Run Info & Dependency Chain (report footer)
Place the run metadata and dependency chain at the END of the report, after Performance Results. Use bulleted form, omit the event/Status fields, and show both nightly URLs as full URLs (no [report](...) link):
## Run Info
- **Workflow**: <workflow name>
- **Branch**: <head_branch>
- **URL**: <html_url>
- **Previous nightly**: <prev_html_url>
## Dependency Chain
| Repo | Commit | Link |
|------|--------|------|
| tt-xla | `<short_sha>` | [full SHA](https://github.com/tenstorrent/tt-xla/commit/<sha>) |
| tt-mlir | `<short_sha>` | [full SHA](https://github.com/tenstorrent/tt-mlir/commit/<sha>) |
| tt-metal | `<short_sha>` | [full SHA](https://github.com/tenstorrent/tt-metal/commit/<sha>) |
The filename already encodes the run date — no need for an "updated on" line in the body.
Scripts
Two helper scripts are bundled:
scripts/fetch_perf_reports.py
Batch-downloads all perf report artifacts for a run and extracts metrics.
python <skill-path>/scripts/fetch_perf_reports.py <RUN_ID> --output-dir /tmp/perf_reports_<RUN_ID>
Output: summary.json with per-model metrics.
scripts/compare_nightlies.py
Compares perf between two runs and categorizes models as regression/improvement/stable.
python <skill-path>/scripts/compare_nightlies.py <CURRENT_RUN_ID> <PREVIOUS_RUN_ID> \
--output-dir /tmp/perf_compare_<RUN_ID> --threshold 5
Output: comparison.json with per-model diffs.
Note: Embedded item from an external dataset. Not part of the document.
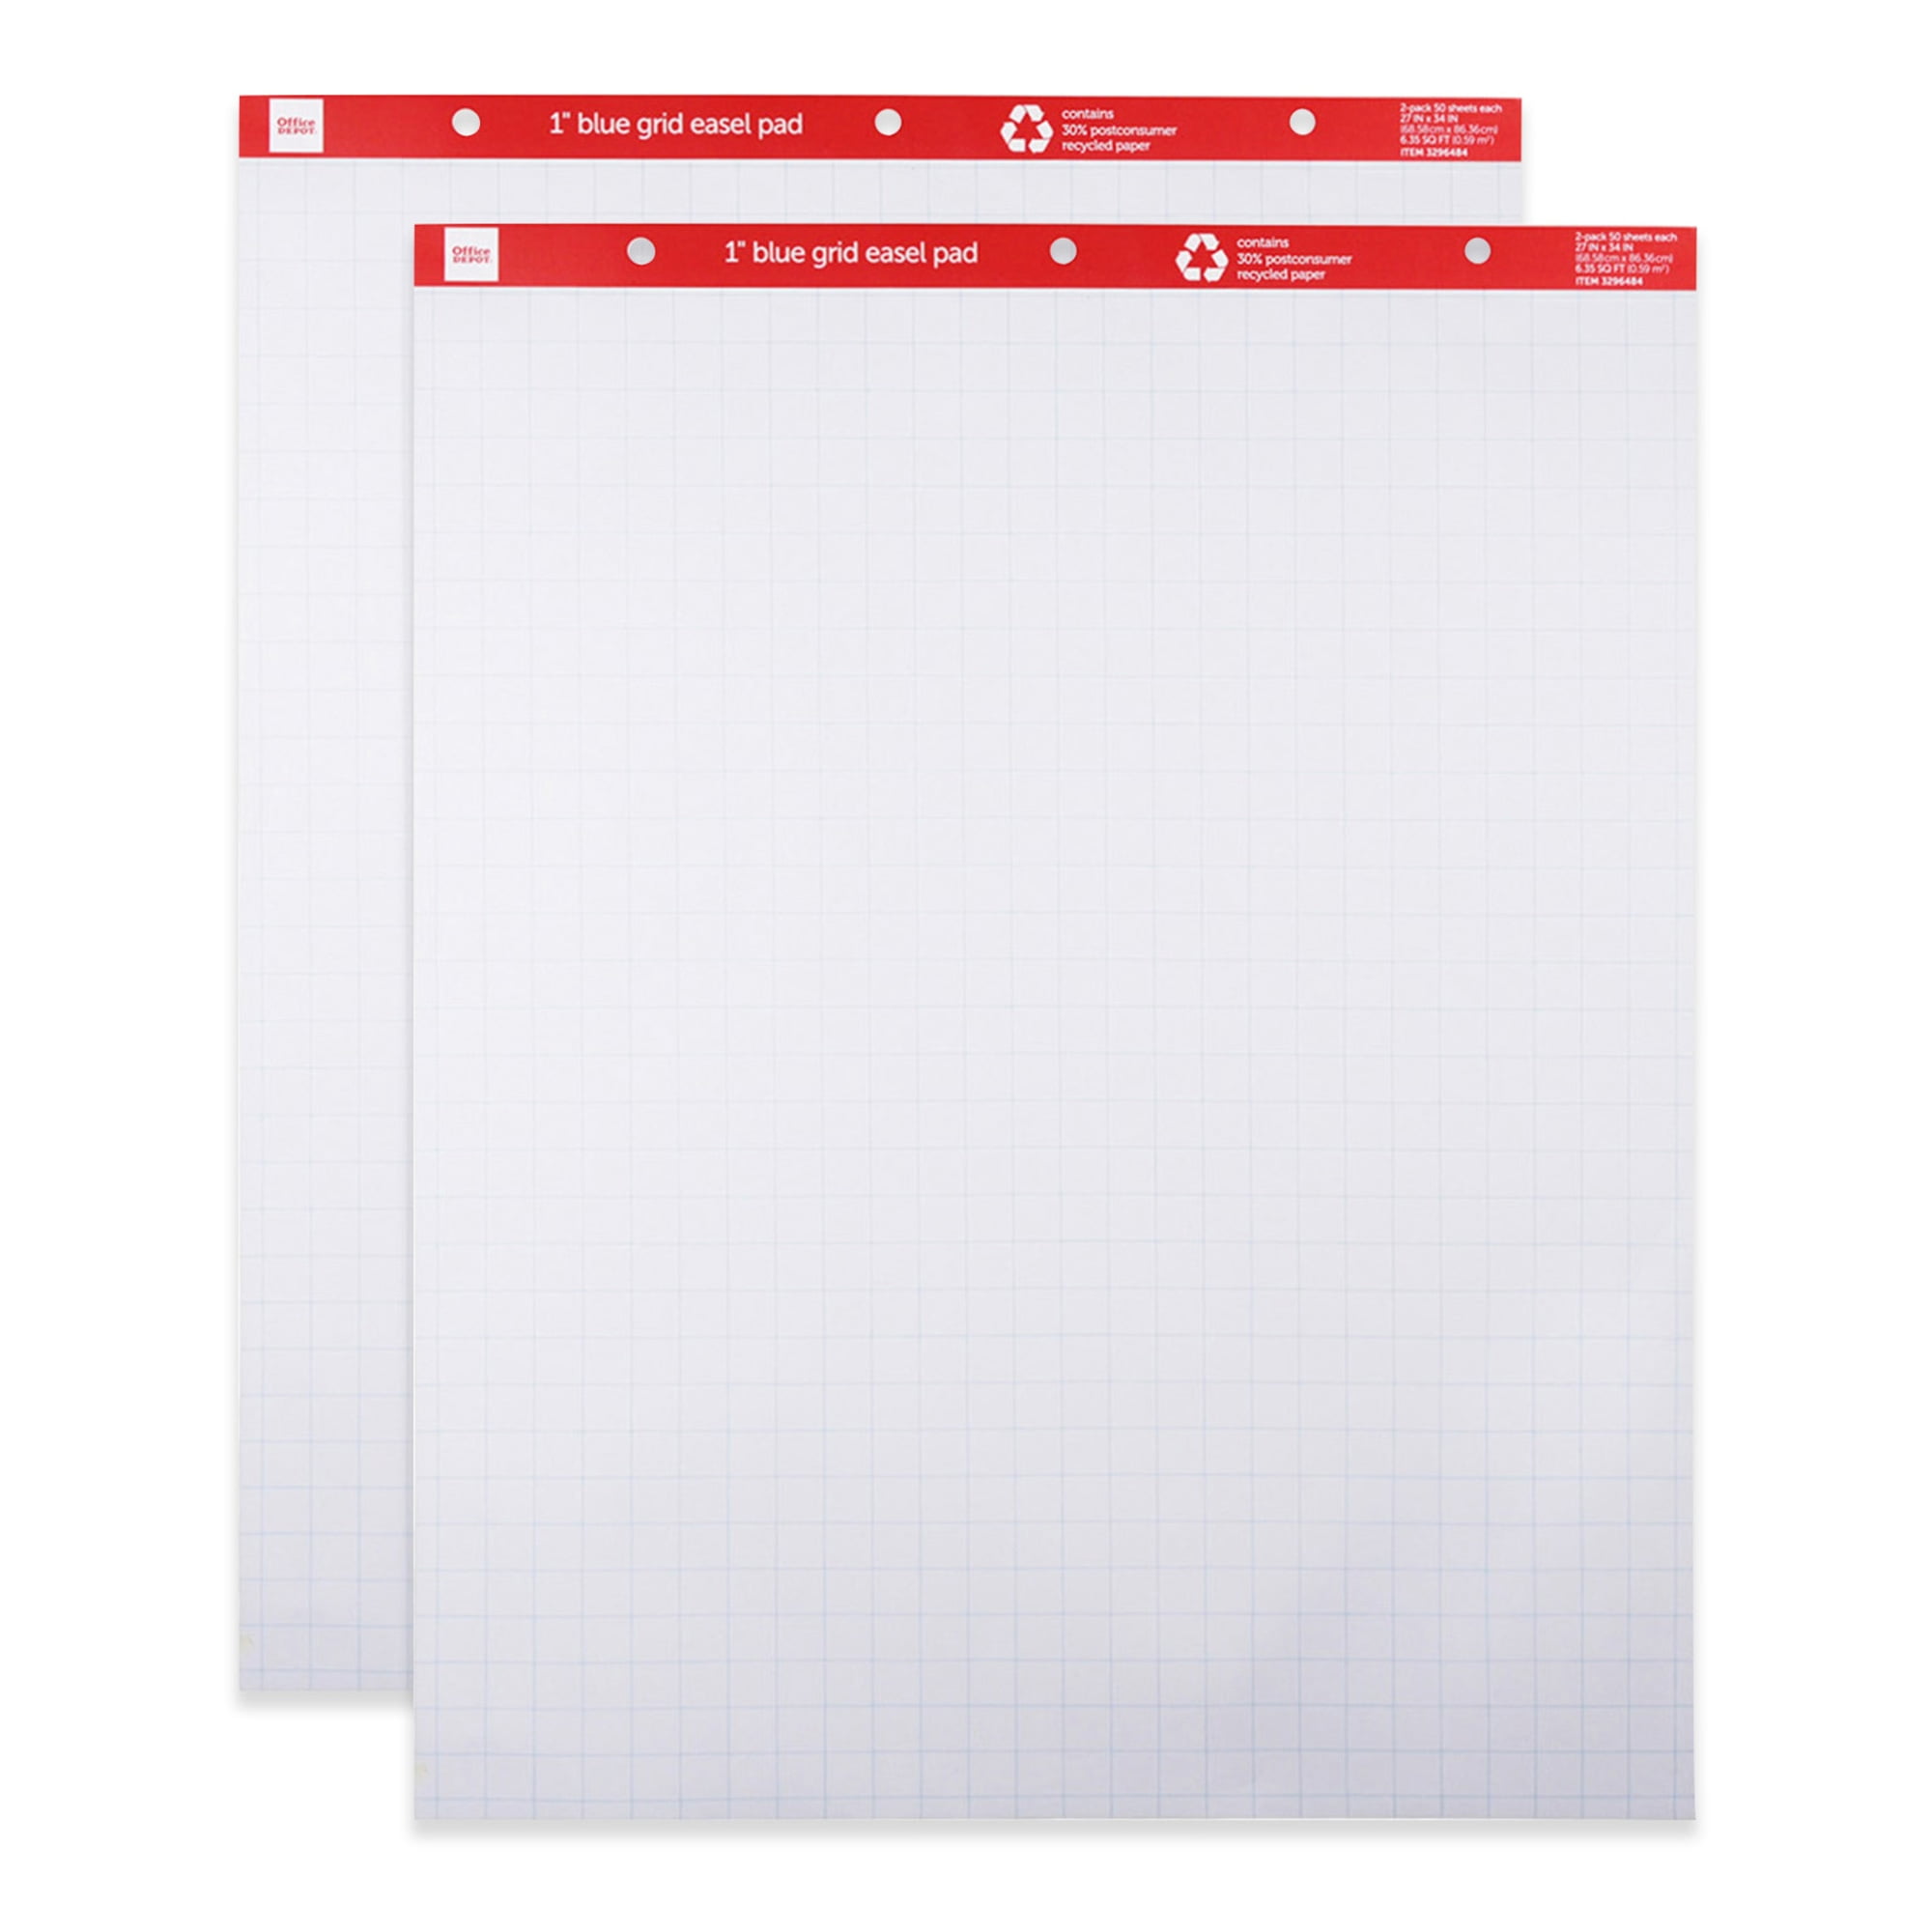  Easel Pad 23x32 - 3 Pack (75 Sheets) - Flip Chart Paper, 25  Sheets/Pack, Plain White, Poster Flipchart 100 gsm - Large Drawing Pad for  Teachers, Kids, Classroom, Office, Craft, Art, Presentation : Office  Products

Convention: positive % = faster (improvement), negative % = slower (regression). Use --threshold 5 so the report can apply asymmetric thresholds (regressions ≤ -10%, improvements ≥ +5%) at filter time.
Notes
- The
gh CLI must be authenticated with access to tenstorrent/tt-xla (and tenstorrent/tt-mlir for commit chain resolution).
- Artifact downloads require appropriate permissions. If an artifact has expired (default 90 days), note it in the report.
- For very large runs (nightly has 50+ jobs), use the bundled scripts to batch-process artifacts rather than downloading one by one.
- Device perf measurements (
device_fw_duration) are only present when the workflow ran with skip-device-perf: false AND the device perf step succeeded. Their absence is not an error.
- When Glean returns no results for a failure, note that explicitly in the report — a novel error with no prior context is itself important.
- The CI
Check perf regression job is unreliable; always run compare_nightlies.py to derive regressions and improvements yourself. Summary thresholds are asymmetric: regressions surface at diff_percent <= -10, improvements at diff_percent >= +5. Detail tables show all |diff_percent| >= 5.